I would additionally not recommend trying to pipeline requests with the creation of a transaction - if the BEGIN call fails, you will execute the next query outside of a transaction which is probably not good.

If you are sure you need to pipeline these queries for performance reasons, I would at least recommend pre-prepared statements to avoid multiple round trips. At that point, you should be guaranteed that the queries will be sent in order of the first poll of their future.

maddyblue commented 2 years ago

The BEGIN example was contrived. My actual problem was I was already in a transaction and needed to execute some queries in order and wanted to pipeline them. All my statements are already prepared.

I wanted to use pipelining to stop waiting for network roundtrips for each Bind/Describe/Execute batch, but I don't think there's a way to do that correctly.

sfackler commented 2 years ago

If the statements are already prepared, then the queries should be guaranteed to execute in the order they were first polled, and it looks like the futures crate's try_join does poll in-order. If that's not the case, then it'd be great if you could put together a small self contained example of that and I can look into it.

maddyblue commented 2 years ago

https://github.com/sfackler/rust-postgres/blob/a624282bed658a53e7e09d194972a025c82dc3e0/tokio-postgres/src/client.rs#L370 is an await point in query_raw before the .send, which I think means even if try_join was polling its arguments in order, the actual query execution could still be in another order.

sfackler commented 2 years ago

into_statement returns a future that immediately resolves when working with a Statement: https://github.com/sfackler/rust-postgres/blob/8bb5712406c7c3c9763daa553de525cad55785d4/tokio-postgres/src/to_statement.rs#L17

maddyblue commented 2 years ago

My argument is that there should be documentation that either guarantees or does not guarantee statement execution order during pipelining because relying on a bunch of implementation details that don't seem to be documented guarantees is not helpful to users trying to write safe, fast code.

Knowing exactly how async, await, try_for, and tokio_postgres internals work is a significant bar, and they can also change at any time. try_join for example happens to execute in a certain way, but does not guarantee it. tokio_postgres happens to have at least one internal await point that immediately resolves. Are there other await points before the send? Even if there weren't, does the send ordering have any guarantees on the receive side? I couldn't find those in the tokio docs. Knowing exactly what happens during immediately resolving await points also feels like some rust obscura that we all probably get subtly wrong sometimes. If we want pipelining to make things go fast, then it should document whether or not it comes with ordering guarantees so users can use it safely.

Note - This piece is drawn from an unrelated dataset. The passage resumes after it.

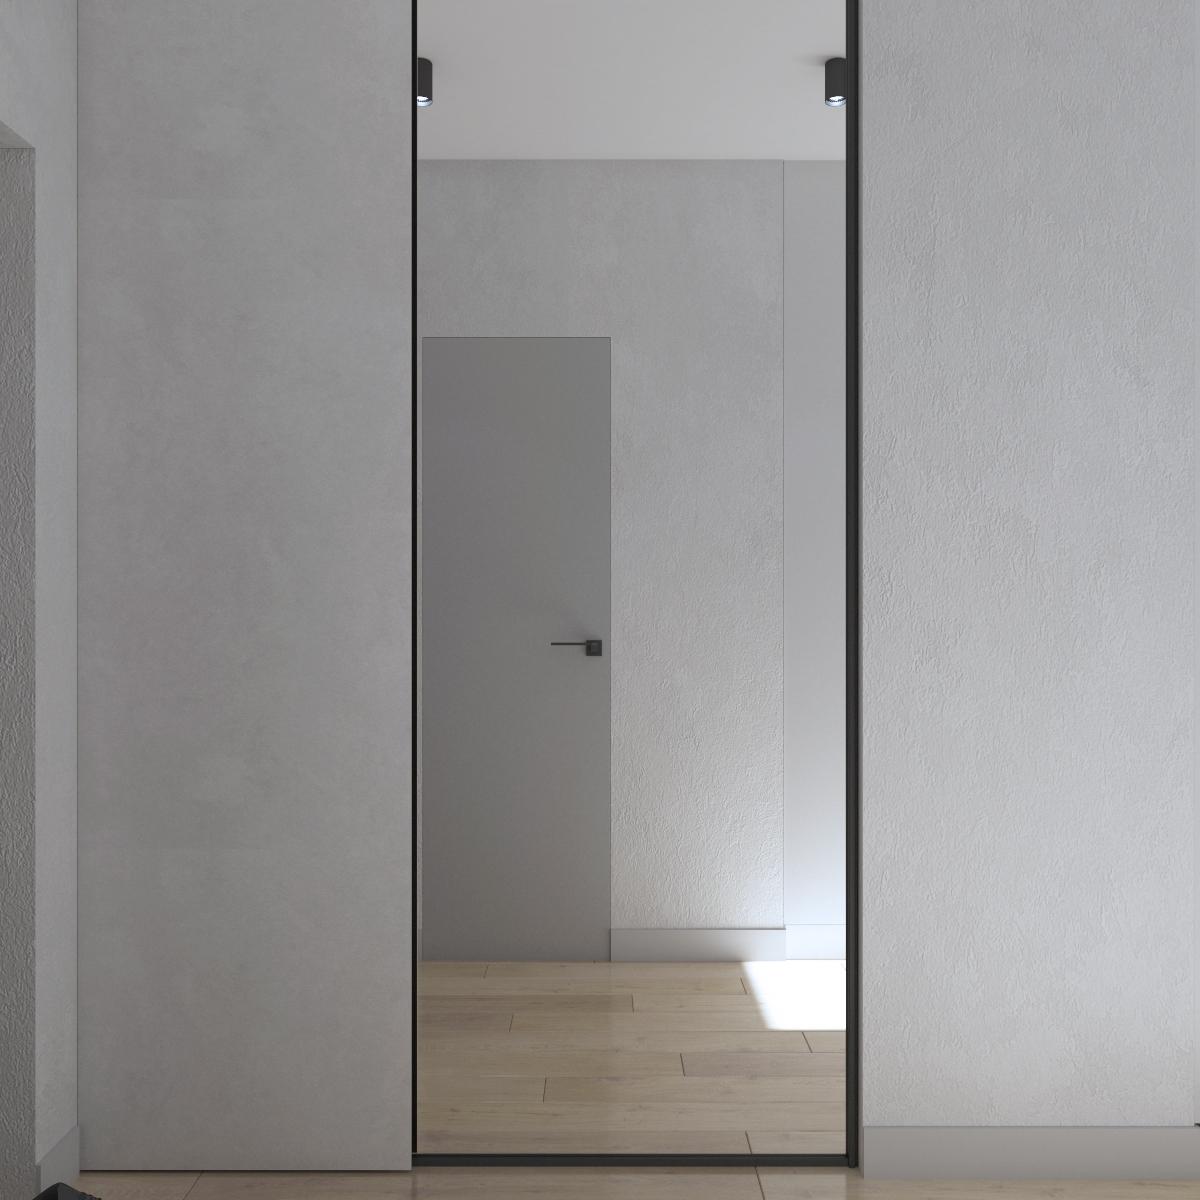 Интерьер с зеркалом на двери

sfackler commented 2 years ago

Even if there weren't, does the send ordering have any guarantees on the receive side?

Queries are executed in order, as the docs note: https://docs.rs/tokio-postgres/latest/tokio_postgres/#pipelining.

maddyblue commented 2 years ago

Ah, the section above it about behavior does say this

Requests are executed in the order that they are first polled, not in the order that their futures are created.

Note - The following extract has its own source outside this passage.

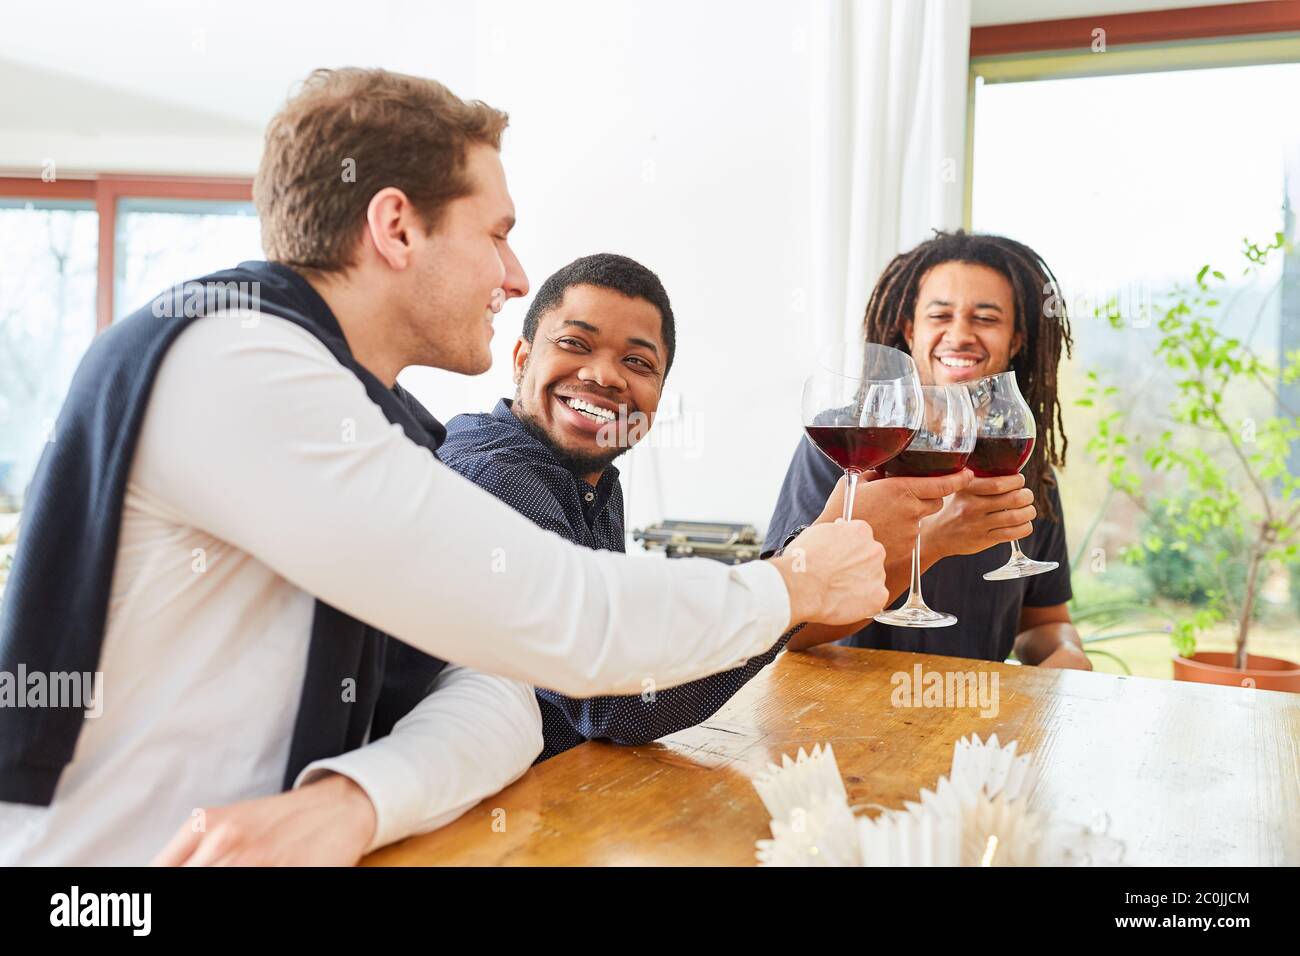 Gruppo di uomini come amici bere un bicchiere di vino rosso insieme e ridere insieme Foto Stock

This is about half of what I wanted, but I was looking for it in the wrong place. I do think the above sentence could be improved with an API change that guarantees the order at time of calling, not polling.

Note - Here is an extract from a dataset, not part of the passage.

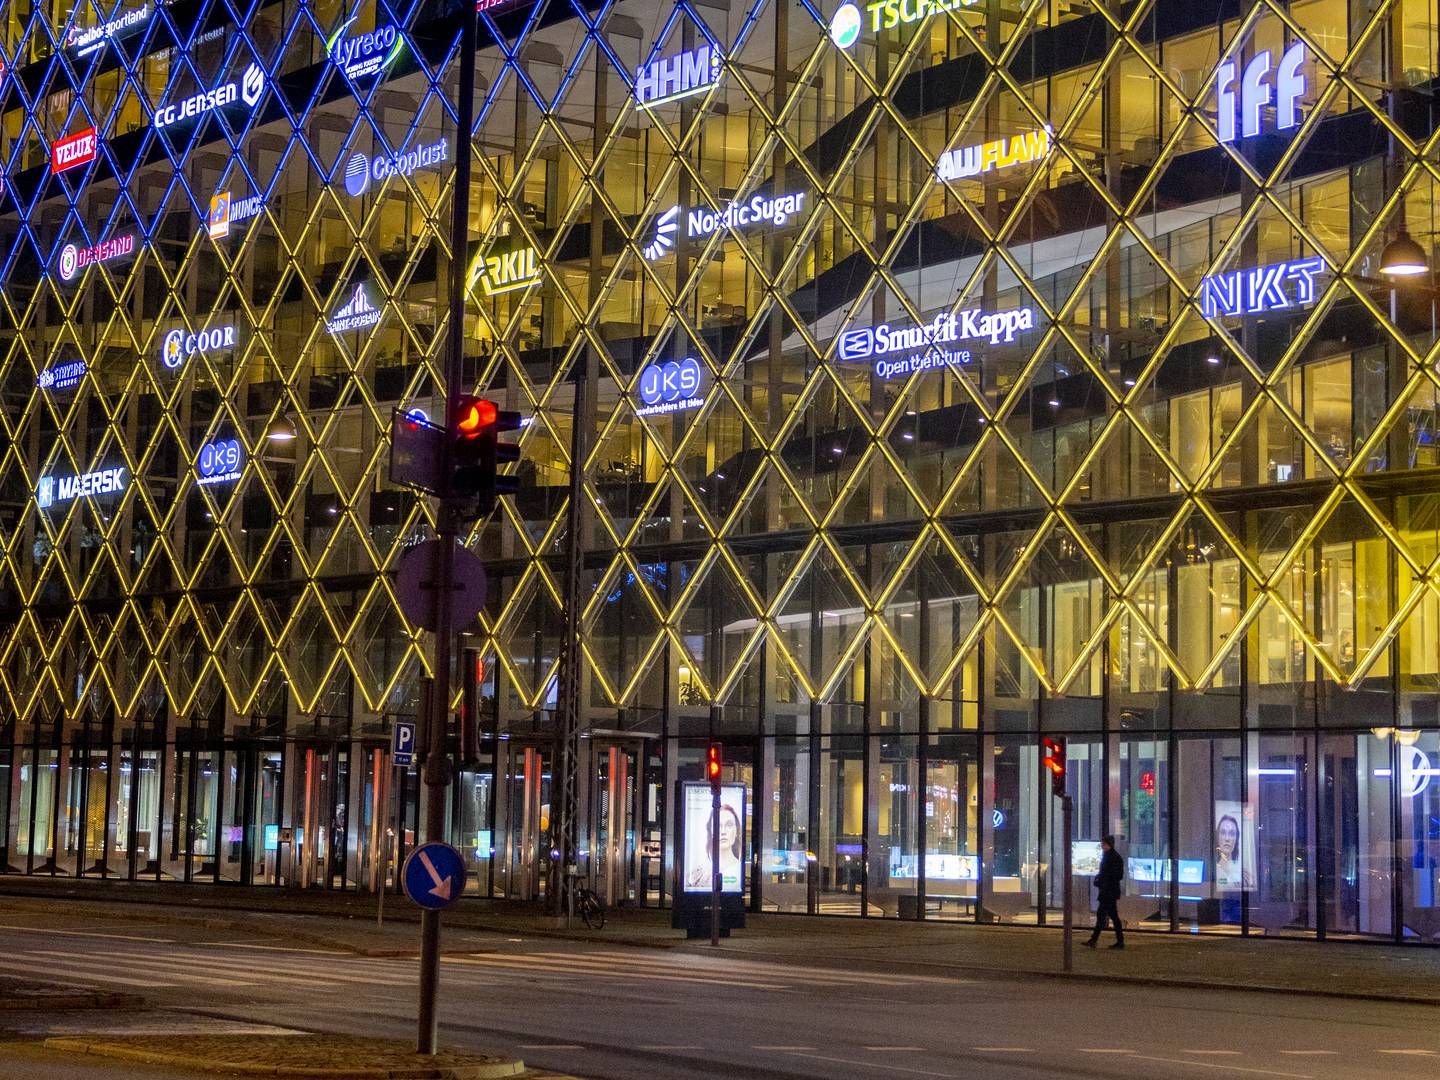 DI's hovedkvarter oplyst af de ukrainske gule og blå farver. | Foto: Mads Nissen

maddyblue commented 2 years ago

Attached is a program that doesn't execute statements in order of first poll. It achieves this by first using an unprepared statement which fires off a prepare request. The above comment about immediately resolving the to_statement future is not true for unprepared statements. In general it seems the documented claim only holds if there are no string statements preceding prepared statements in a join batch.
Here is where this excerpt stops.